Come nella notte di Natale anche nella notte che precede il 24 giugno, che si passa vegliando, si crede che avvengano meraviglie e prodigi tanto è vero che la notte che precede il giorno di San Giovanni è detta “la notte delle streghe”: il 23 giugno, periodo in cui la luna è in fase crescente, nell’antichità si credeva che le streghe, a cavallo delle loro scope, sorvolassero la Basilica di San Giovanni per radunarsi in un grande sabba annuale.

Tra le streghe, la leggenda vuole che ci siano anche Erodiade e sua figlia Salomè condannate a vagare per il mondo su una scopa per espiare la colpa di aver fatto decapitare San Giovanni.

Chi crede alla leggenda adotta accorgimenti tali da non far entrare nelle case le cattive maliarde mettendo davanti all’uscio di casa del rosmarino, ginepro, alloro e ulivo benedetto, oppure dell’aglio come antidoto contro i malefici e come erba portafortuna e porta ricchezza o, ancora, un mazzetto di “erbe magiche” formato da iperico, artemisia, ruta, menta e salvia.

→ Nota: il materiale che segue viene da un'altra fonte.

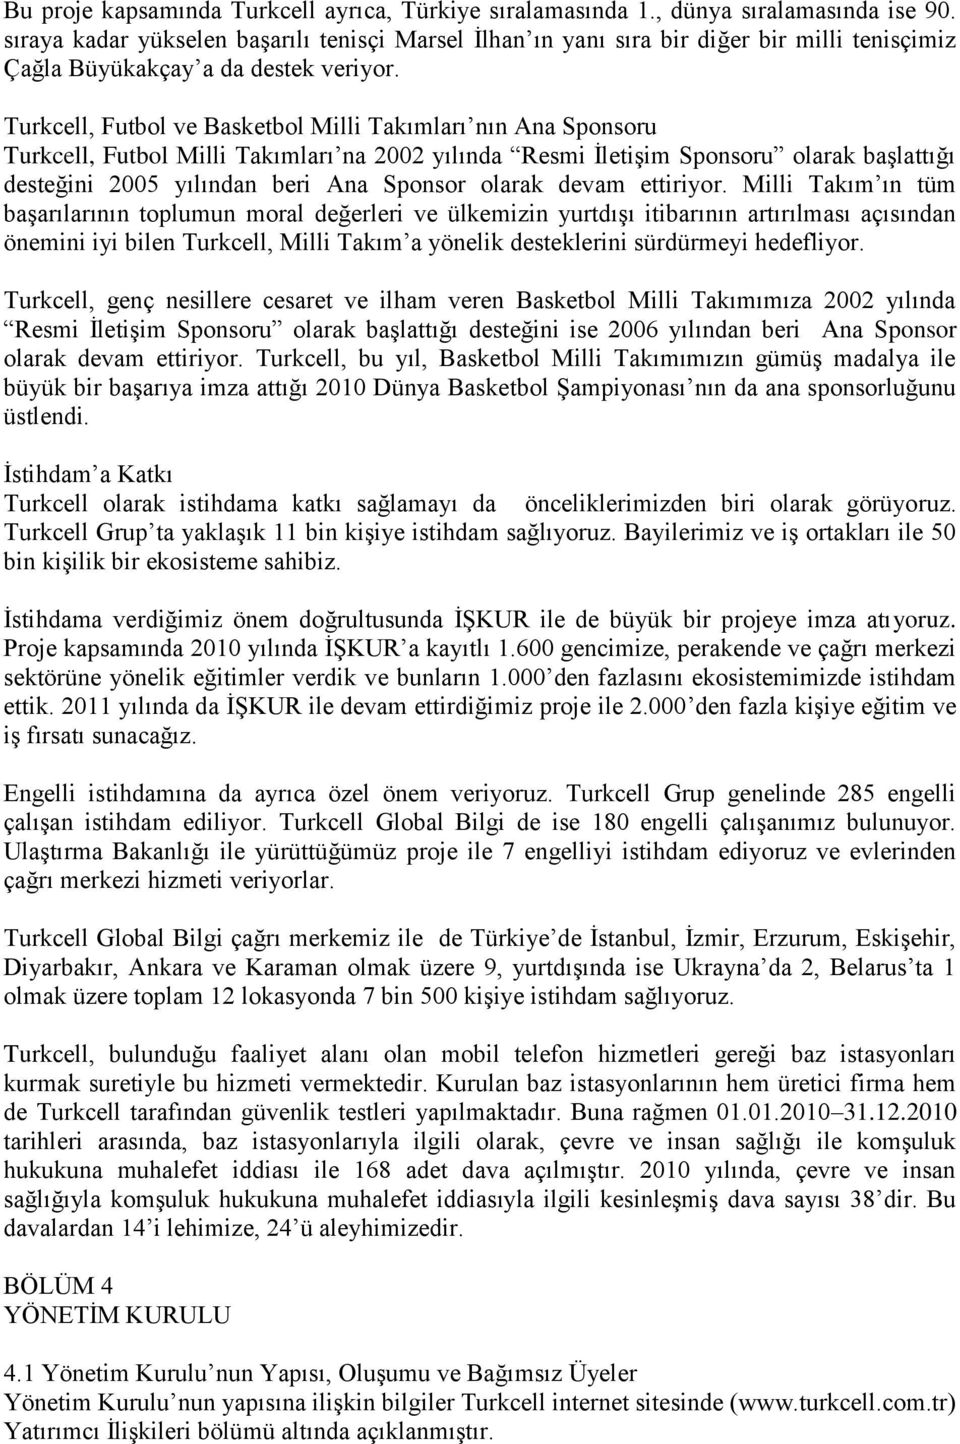 Turkcell, Futbol ve Basketbol Milli Takımları nın Ana Sponsoru Turkcell, Futbol Milli Takımları na 2002 yılında Resmi İletişim Sponsoru olarak başlattığı desteğini 2005 yılından beri Ana Sponsor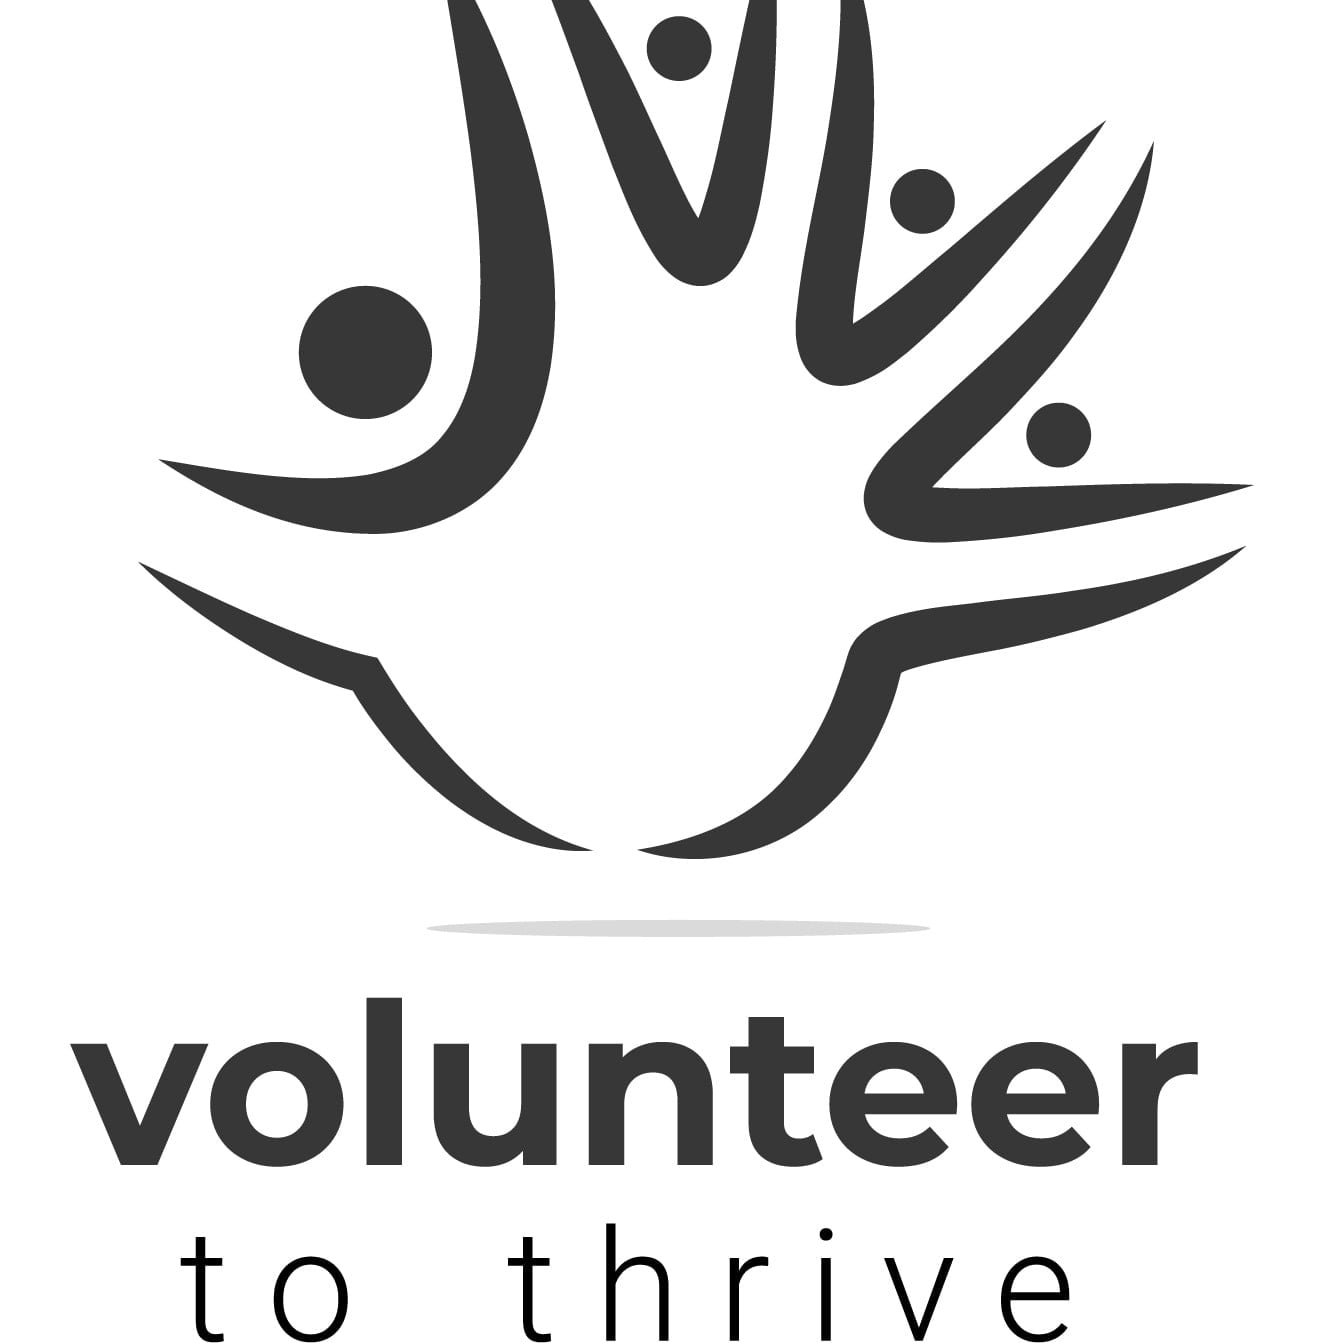 volunteer-to-thrive-volunteer-opportunities-volunteermatch

L’iperico è detto anche “erba di San Giovanni”, una piantina perenne e tappezzante dai bei fiori gialli che sfregati tra le dita emettono un umore che colora la mani di rosso e perciò viene detta anche “sangue di San Giovanni”; l’artemisia, invece, avrebbe proprietà contro il malocchio; la ruta chiamata anche “erba allegra”avrebbe proprietà curative; la menta, soprattutto se bagnata dalla rugiada della notte di San Giovanni, garantirebbe lunga vita come pure la salvia.